The granularity split is the under-noticed structural claim. Conversation history and scratchpad are dialogue-level: they accumulate across the entire conversation and persist between turns. Examples and task trajectory are turn-level: they are recalled and replaced each turn based on the current query. The four components form a 2×2 design space: dialogue-vs-turn × continuous-accumulation-vs-retrieval-replacement.

The granularity distinction matters because it predicts which components introduce certain failure modes. Dialogue-level components grow monotonically and trigger context-length pressure; they need pruning policies. Turn-level components risk recall failure if the retrieval index is stale or the retrieval signal is weak; they need refresh policies. Treating all working memory as one buffer makes both problems invisible. RAISE makes them addressable as separate concerns.

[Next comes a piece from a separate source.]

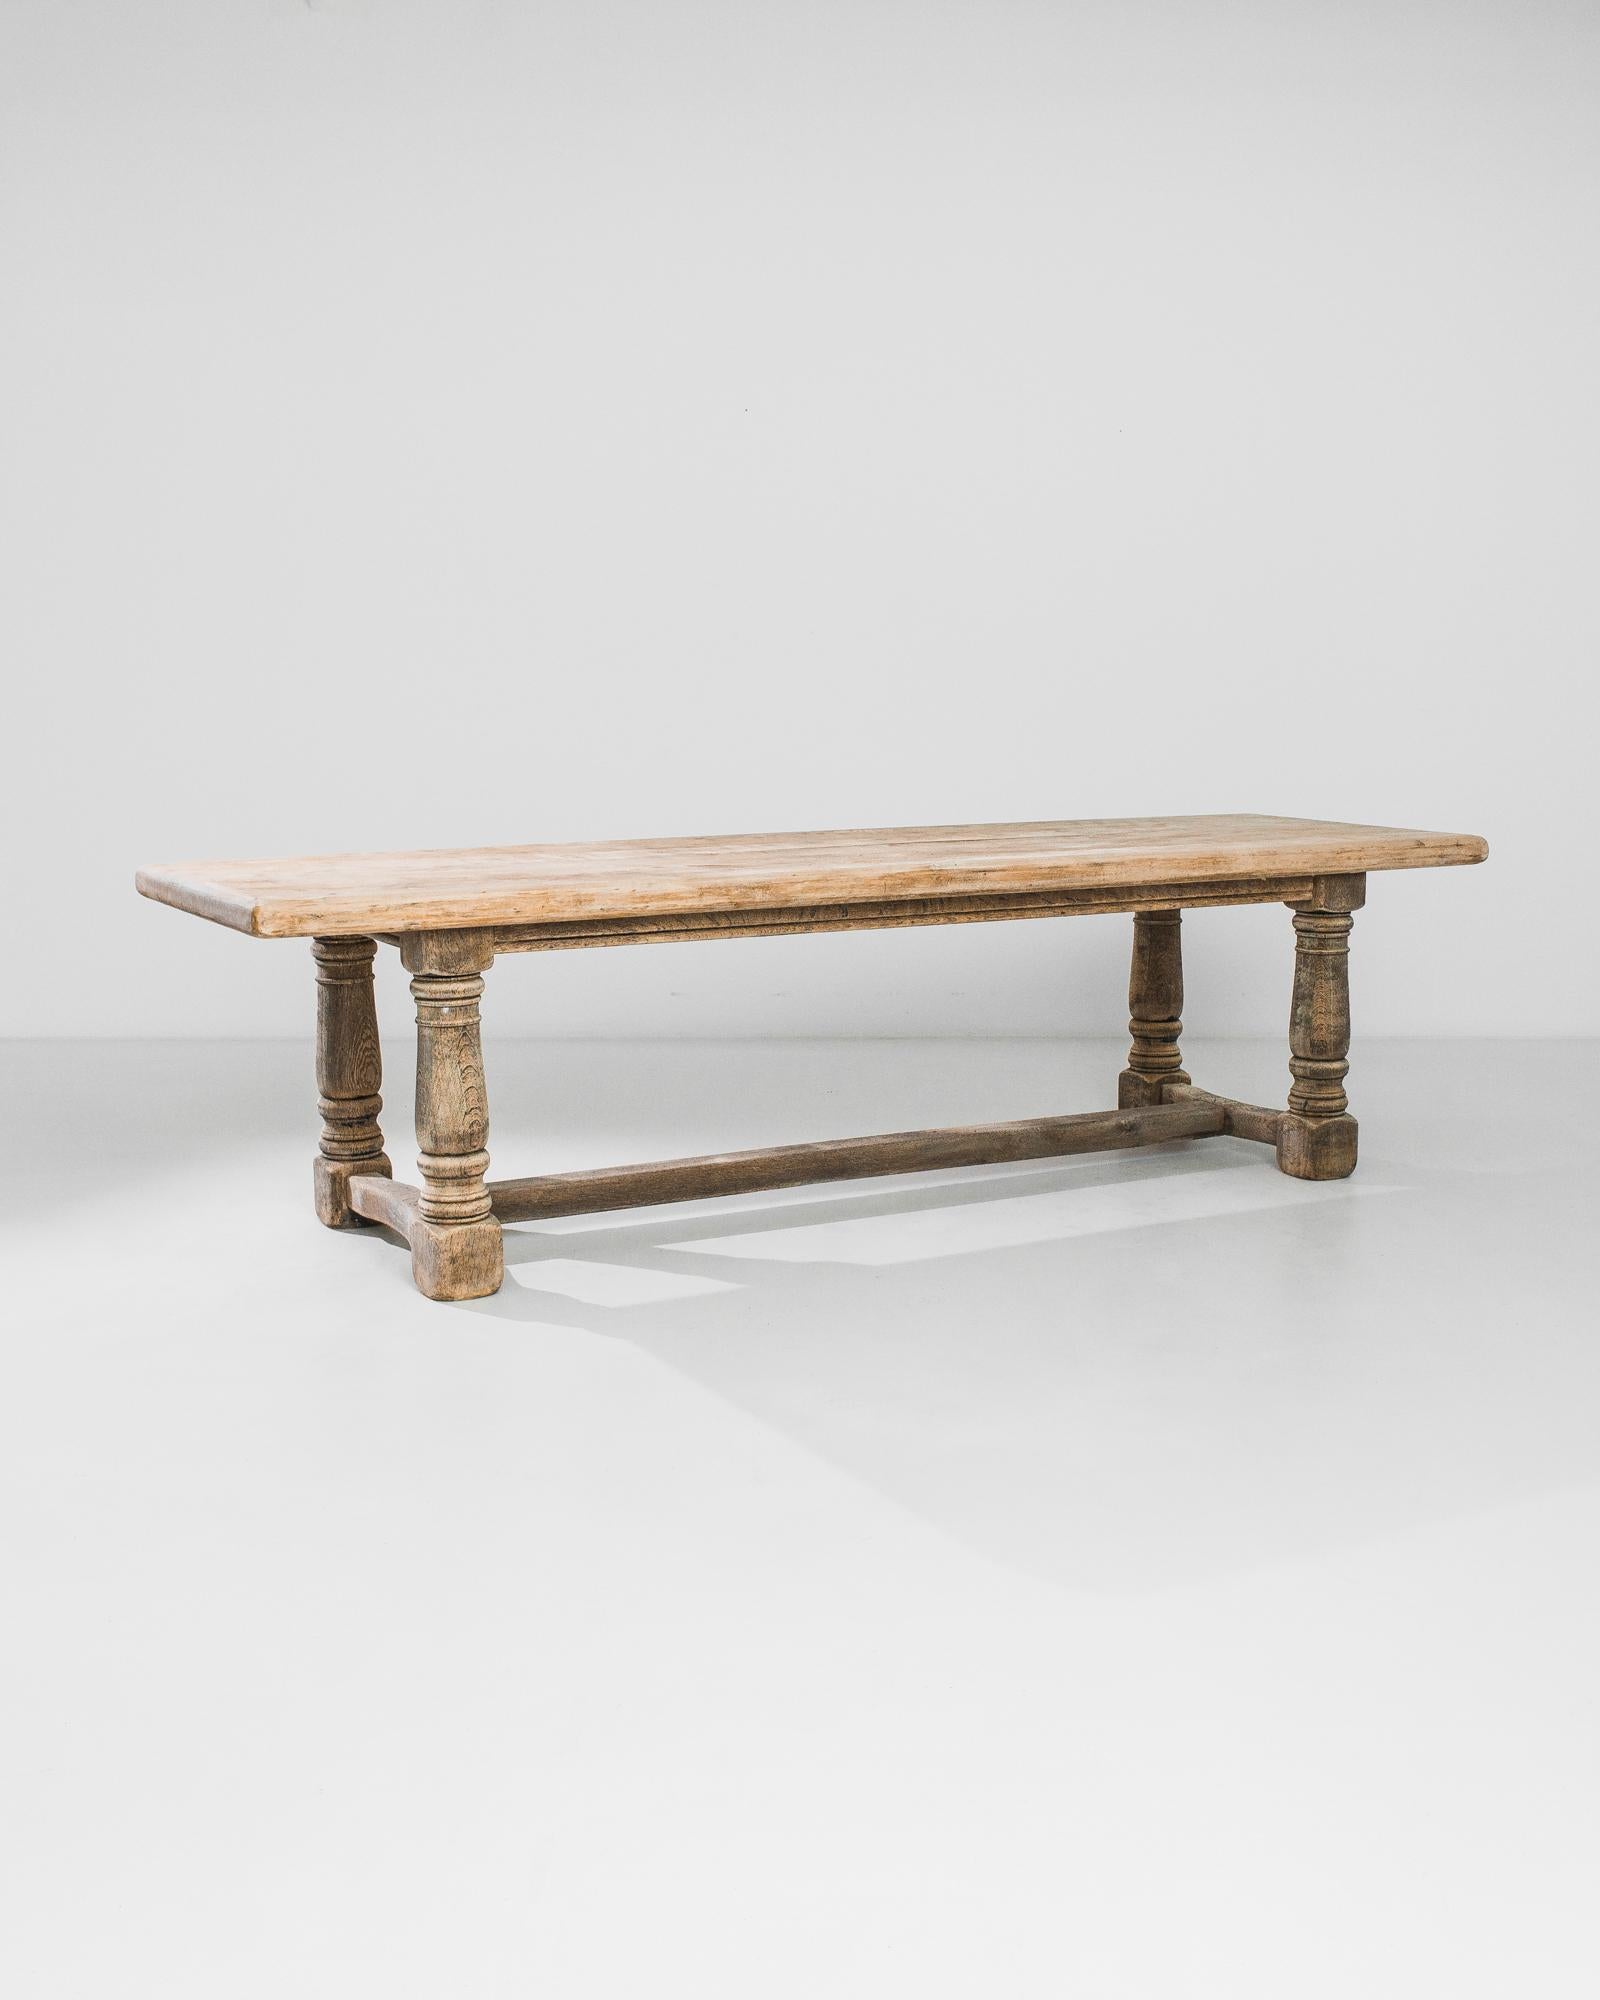 A dining table designed and crafted in Belgium circa 1970. Simple table top crafted out of oak is raised on firm baluster legs. The table’s height —it’s only two and a half feet tall —permits the use of the table as a bench. This curious mid-century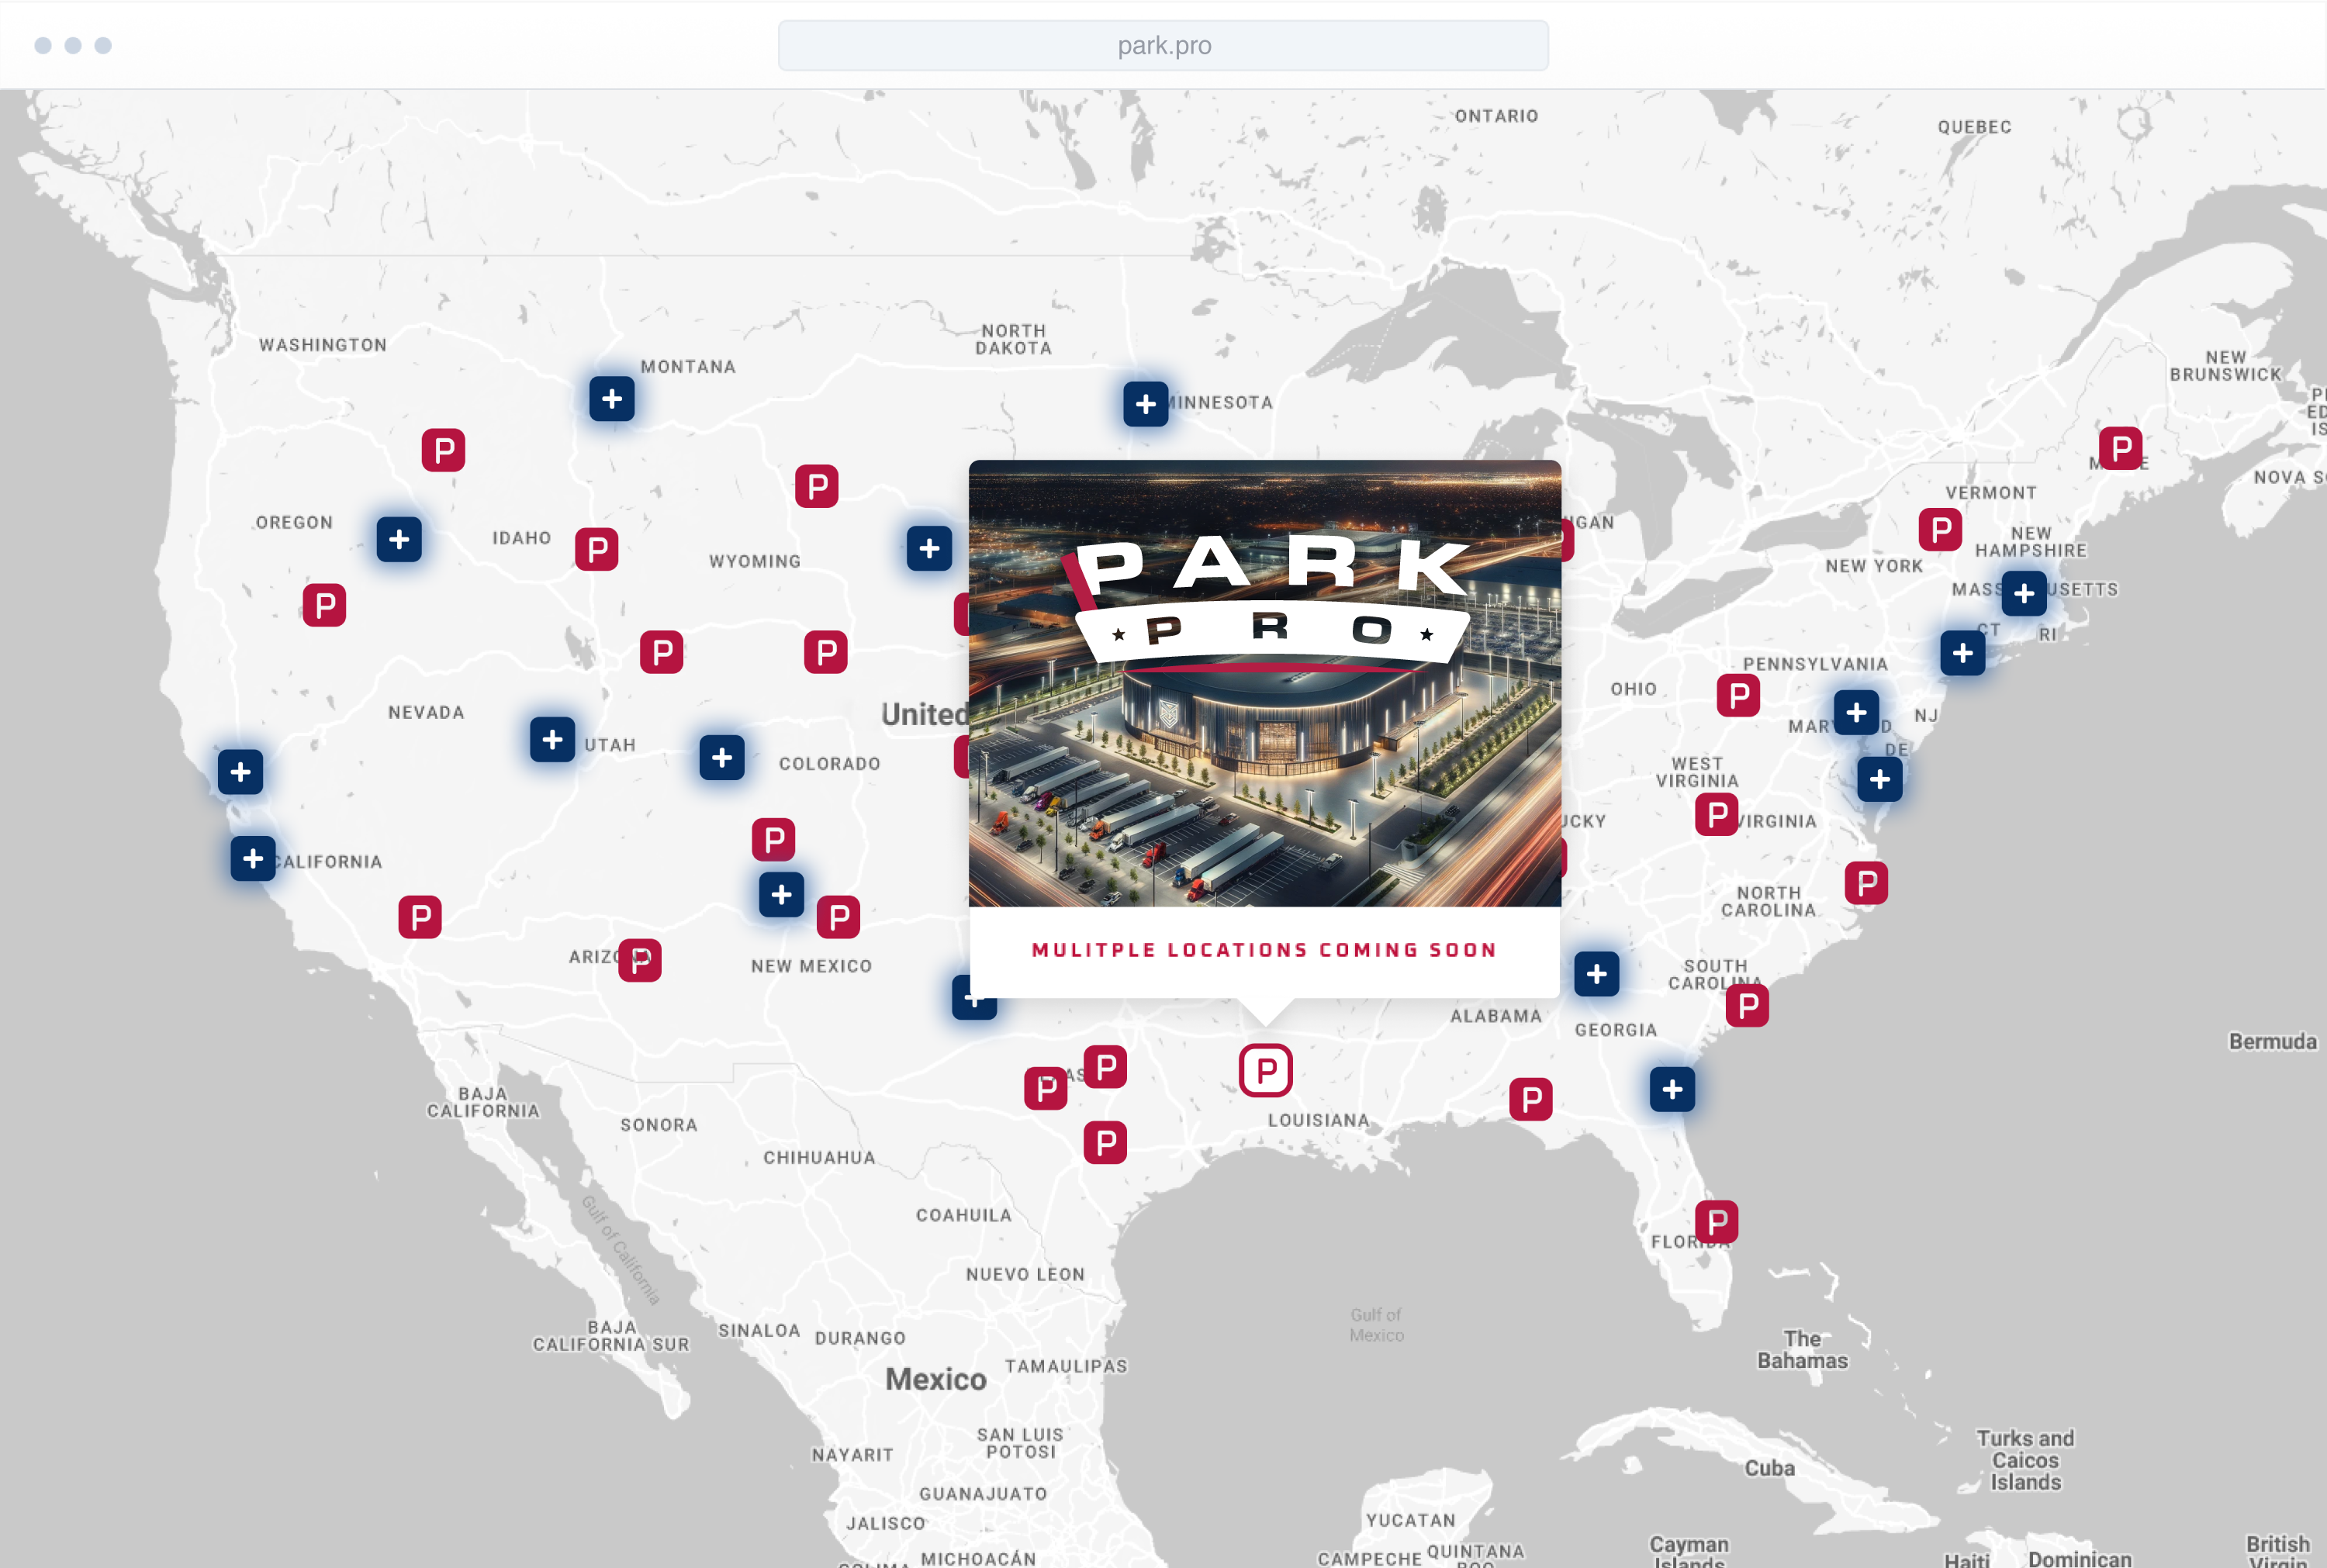 Park Pro Map with Parking location drop-pins throughout the USA - Pin Location Shown in Card

The update protocol shows the granularity in action. On each turn: (1) append the user query to conversation history (dialogue-level append), (2) recall top-k relevant examples from a separate example pool via vector retrieval (turn-level replace), (3) update current entity information in the scratchpad if applicable (dialogue-level update), (4) update agent trajectory and tool results in task memory during execution (turn-level append-within-turn). Different components, different update rules, different lifecycles — all coordinated by the controller.

The implication for agent design: the question "where does this go in memory?" decomposes into two sub-questions — what is its temporal scope, and what is its update policy? Architectures that conflate these end up with either bloated dialogue buffers (everything is dialogue-level append) or lossy turn-level memory (everything is replaced each turn).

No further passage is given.